Freedom University engages in advocacy and education around how citizenship is understood, integrating discussion of slavery, apartheid, and labor exploitation in the United States, particularly in the Jim Crow South, and throughout the world.
Freedom U has collaborated with civil rights leaders such as Lonnie King, John Lewis, Rita Schwerner Bender, Roslyn Pope, Loretta Ross, and Charles Black in educating and helping students perform civil disobedience actions.[15] [16] At these public events, students often wear painted monarch butterfly wings to symbolize the naturalness of migration and their experience as immigrants.
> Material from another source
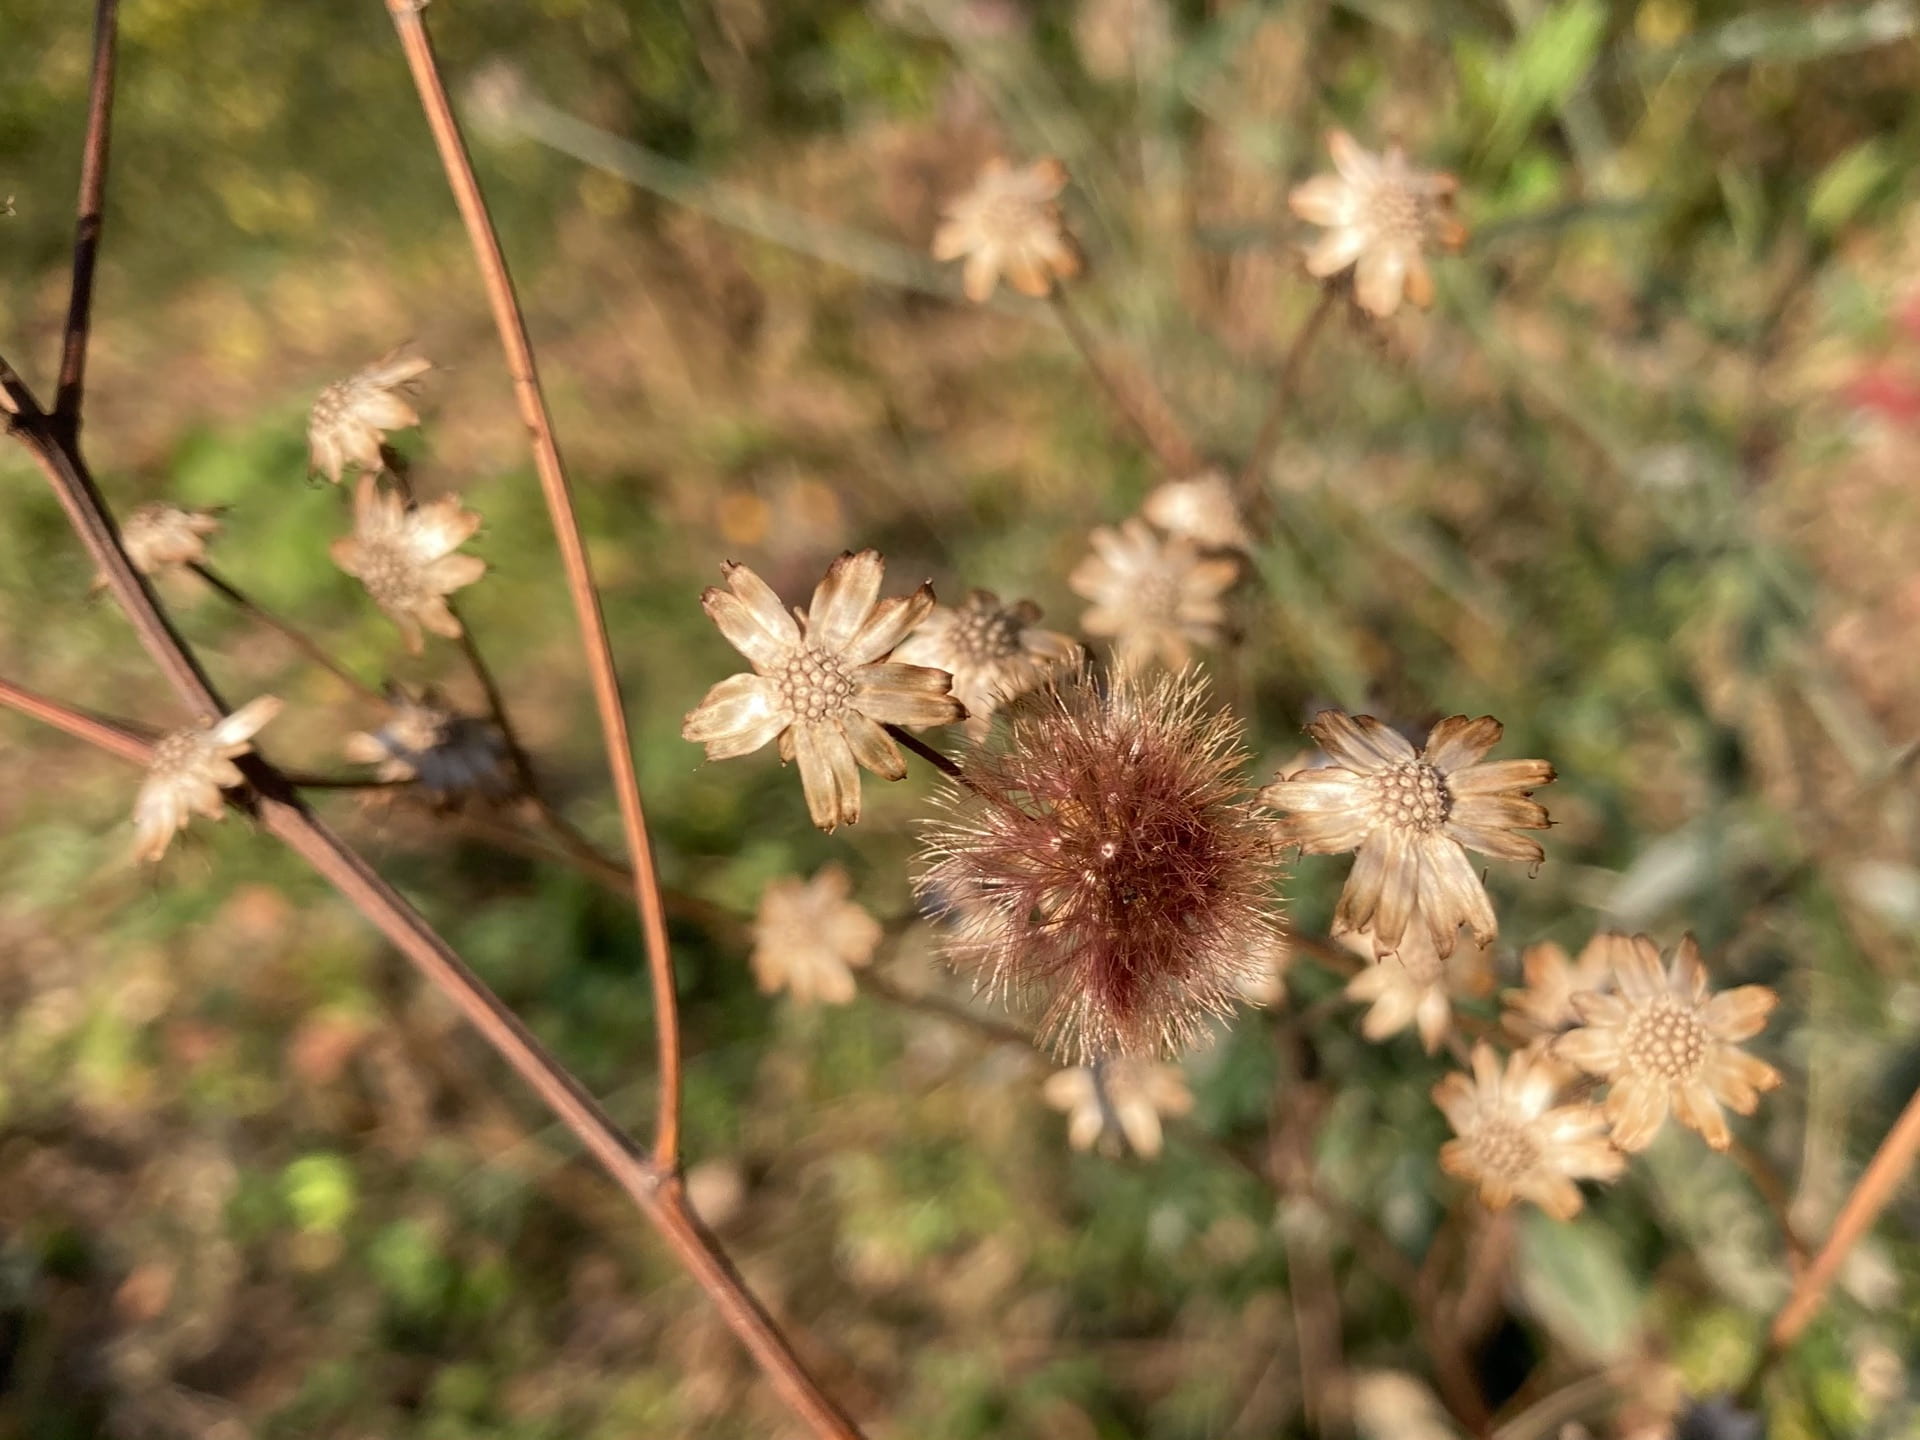 The seed heads of Vernonia noveboracensis look like small brown flowers.

In 2015, several Freedom U student activists were arrested for integrating a University of Georgia classroom on the anniversary of the University's desegregation.[17] That same year, Freedom University students debated against the UGA Debate Union over whether college admissions processes should consider an applicant's national origin. Freedom U students argued that colleges should be able to consider national origin while UGA students argued against the practice.[18]
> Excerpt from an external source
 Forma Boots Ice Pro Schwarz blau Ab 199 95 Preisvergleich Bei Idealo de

Freedom University students, faculty, and allies continue to attend random University System of Georgia Board of Regent's meetings to protest the discriminatory policies. In 2019, several faith leaders and Comedy Central comedian Jordan Klepper were arrested for joining Freedom U faculty and students at one such demonstration.[19]
On March 4, 2019, Atlanta City Council honored Freedom University's work to educate and empower undocumented youth in the city.
In 2018, one out of three Freedom U students secured a full-ride scholarship to a college or university outside of Georgia. In 2019, half of its graduating students secured full scholarships.
Beyond securing higher education funding and access for its own students, Freedom University's education and advocacy campaigns have resulted in several private universities in the U.S. changing their admissions policies. These changes open doors for all future undocumented applicants.
Freedom U's coalition building efforts at Emory University resulted in Emory's 2015 decision to begin accepting DACA recipients. In 2017, Emory further revised their policy to admit qualified undocumented students, regardless of DACA status.[20]
Activism also influenced the Board of Regents to remove, in 2016, Georgia State University and Augusta University from the list of Georgia public universities banning undocumented students.
Some Georgia lawmakers recognize how its exclusionary policies harm the state's economy and contribute to a "brain drain". After Georgia has invested in the public K-12 educations of undocumented youth, many leave the state to pursue higher education and work elsewhere.[21] [22] Larry Gordon of PBS quoted Freedom U student and activist Jacqueline Delgadillo: "It's a loss for our state. It doesn’t make sense to me how [state officials] are OK with so many students going out of state and then contributing to other states."[23]